Your reply must contain the lines from the one with "Arco Entrada y" through the last line of the material, exact and complete, with no pictures and no other text.

■ **Information shown**:
= Beginning of Section =

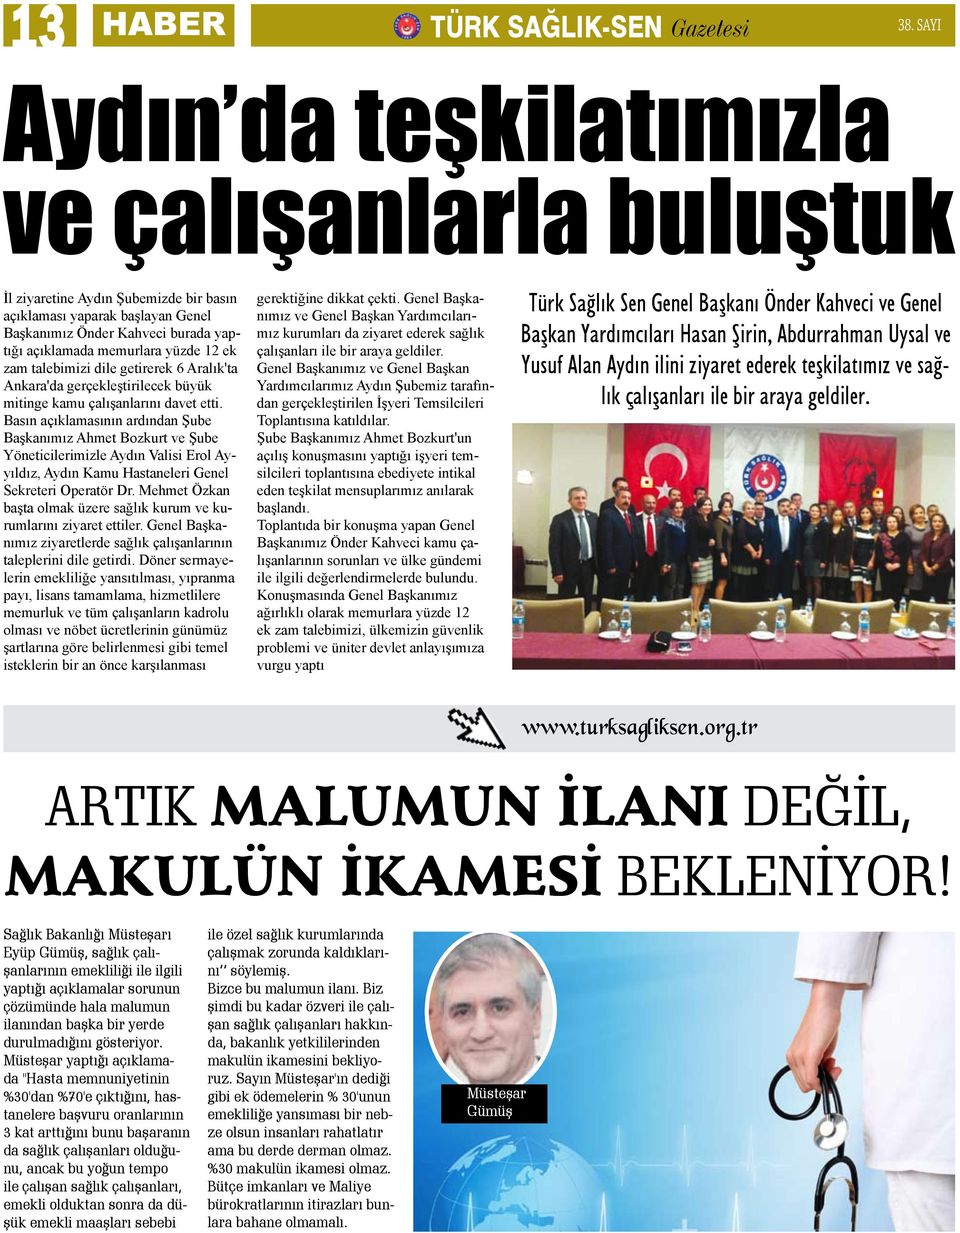 ek zam talebimizi dile getirerek 6 Aralık'ta Ankara'da gerçekleştirilecek büyük mitinge kamu çalışanlarını davet etti.
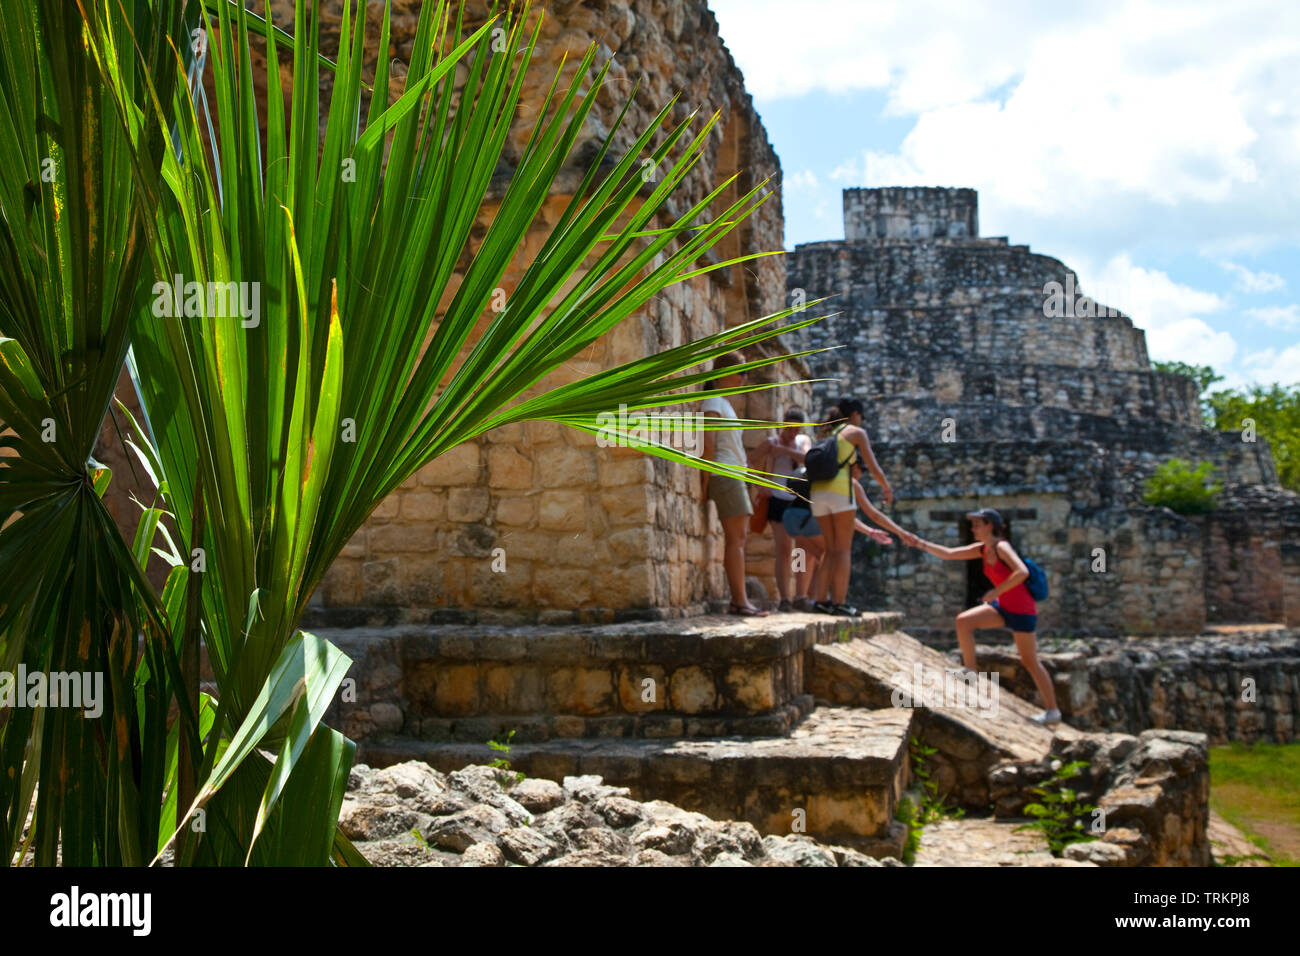 Arco Entrada y al fondo El Observatorio. Yacimiento Arqueológico Maya de Ek Balam. Estado de Yucatán, Península de Yucatán, México, América Stock Photo
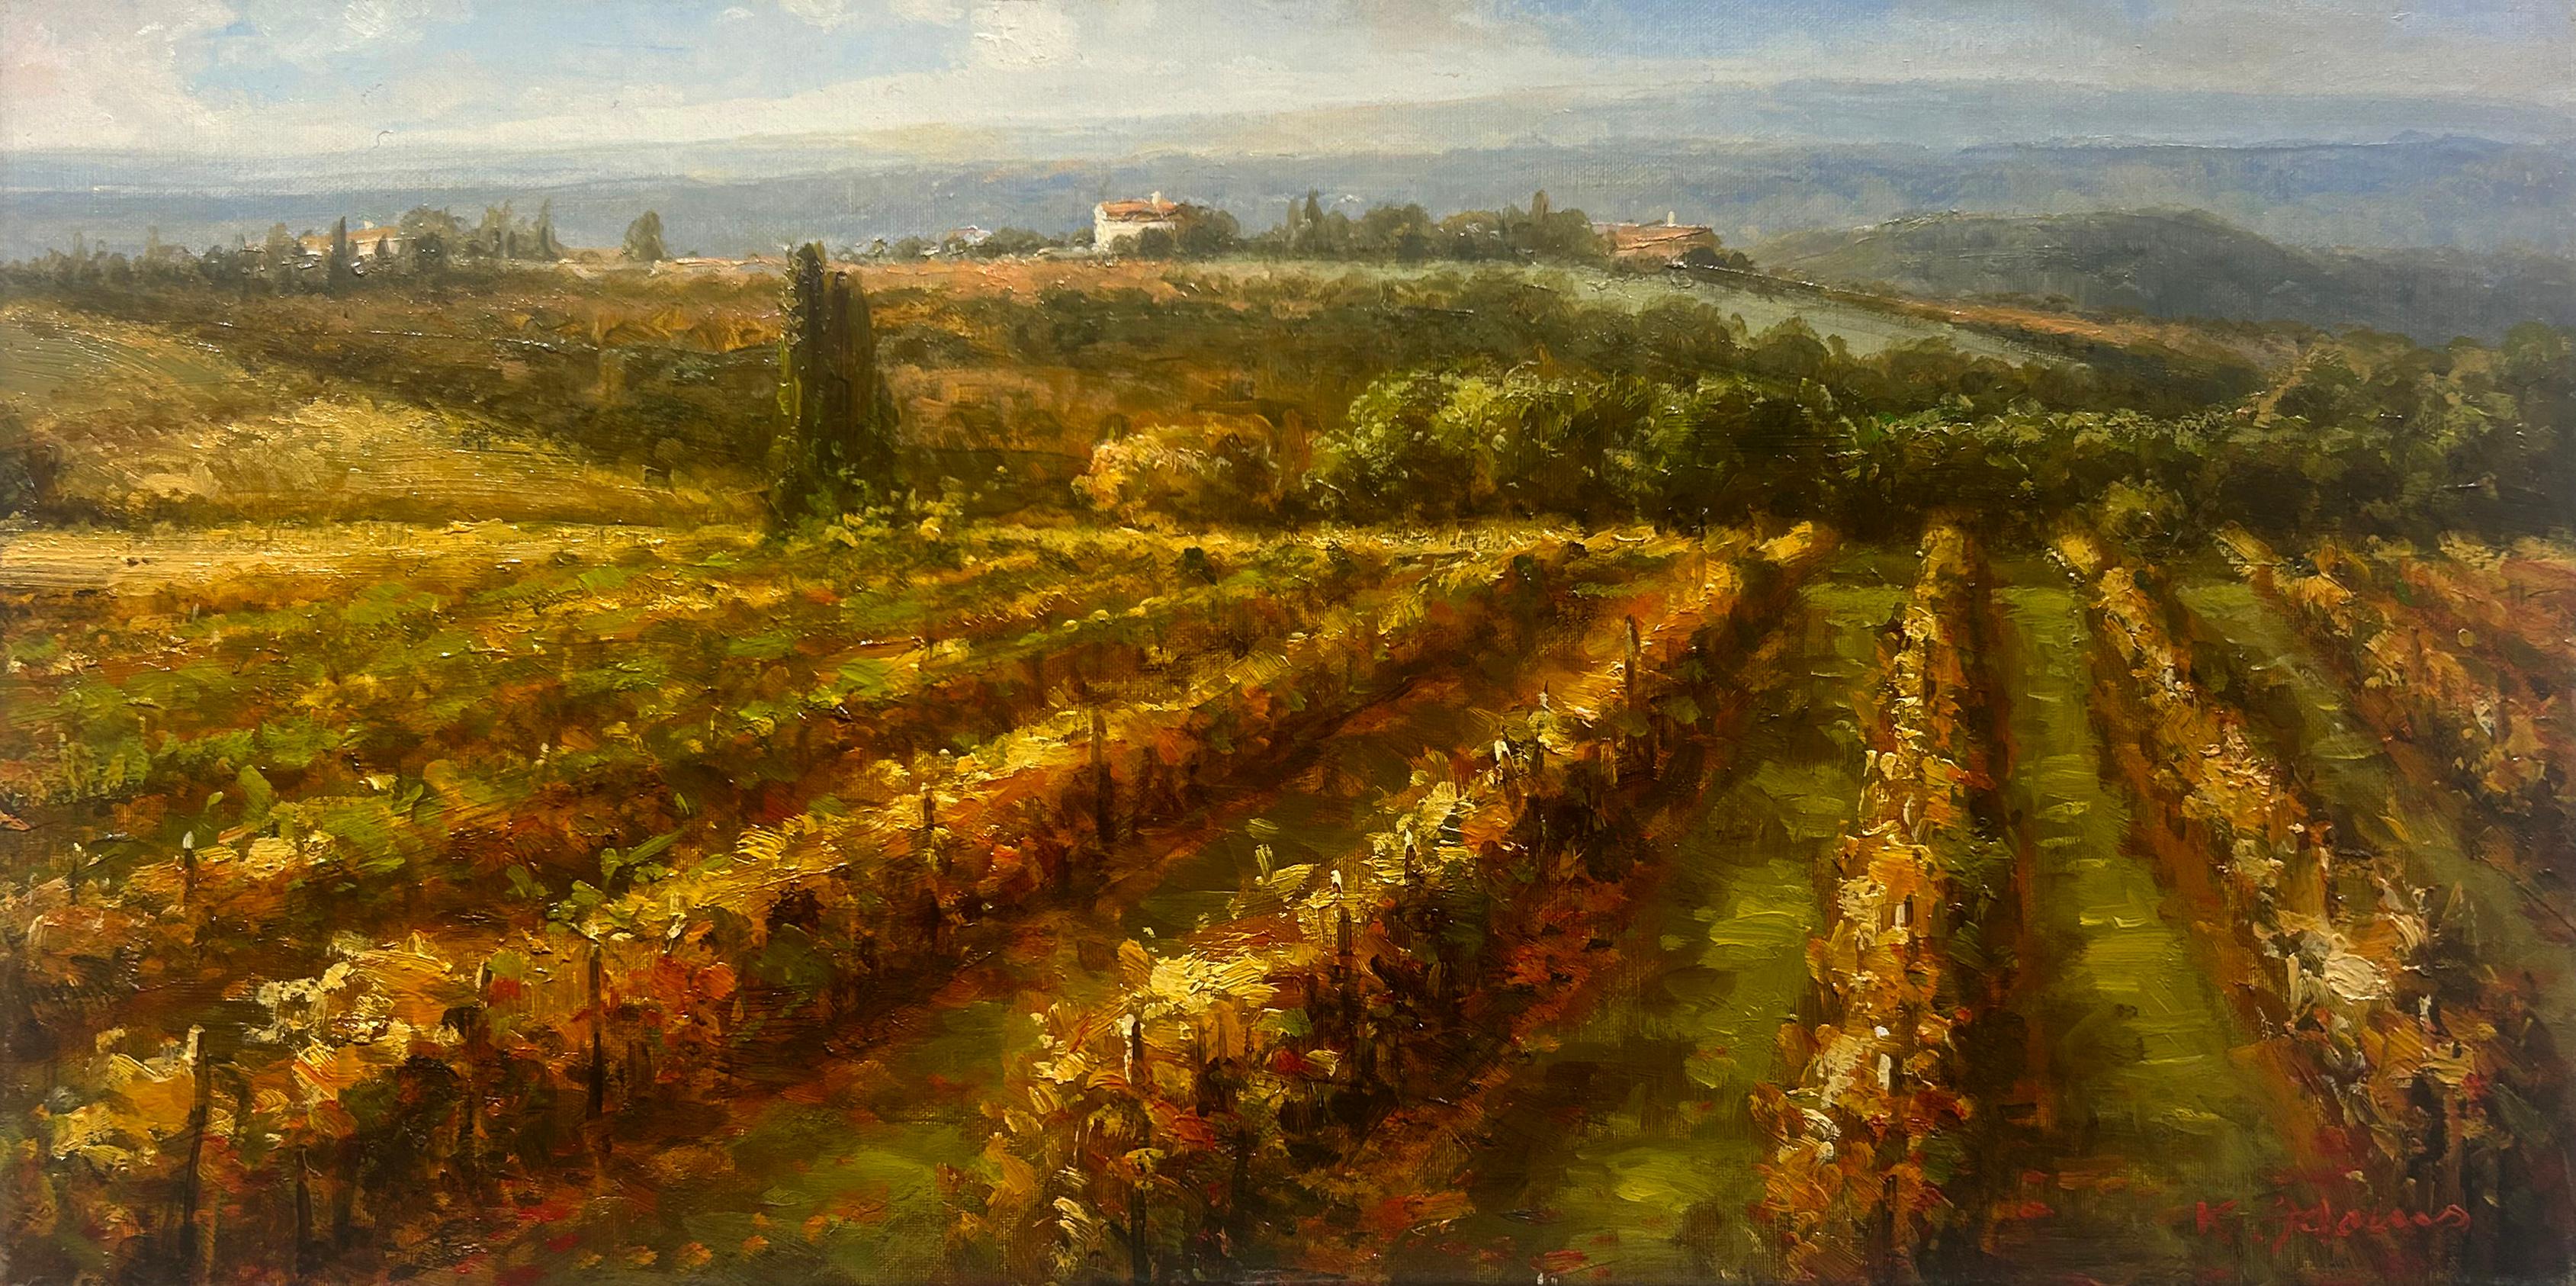 "Soirée d'été" 12x24 est une peinture à l'huile sur toile de l'artiste Ronald Adams. Il s'agit d'un paysage toscan paisible et chaleureux. Des coups de pinceau épais et habiles sculptent des rangées de vignes pour illustrer un vignoble vallonné. Des

= End of Section =

■ **Exercise output**:
 Arco Entrada y al fondo El Observatorio. Yacimiento Arqueológico Maya de Ek Balam. Estado de Yucatán, Península de Yucatán, México, América Stock Photo
 "Soirée d'été" 12x24 est une peinture à l'huile sur toile de l'artiste Ronald Adams. Il s'agit d'un paysage toscan paisible et chaleureux. Des coups de pinceau épais et habiles sculptent des rangées de vignes pour illustrer un vignoble vallonné. Des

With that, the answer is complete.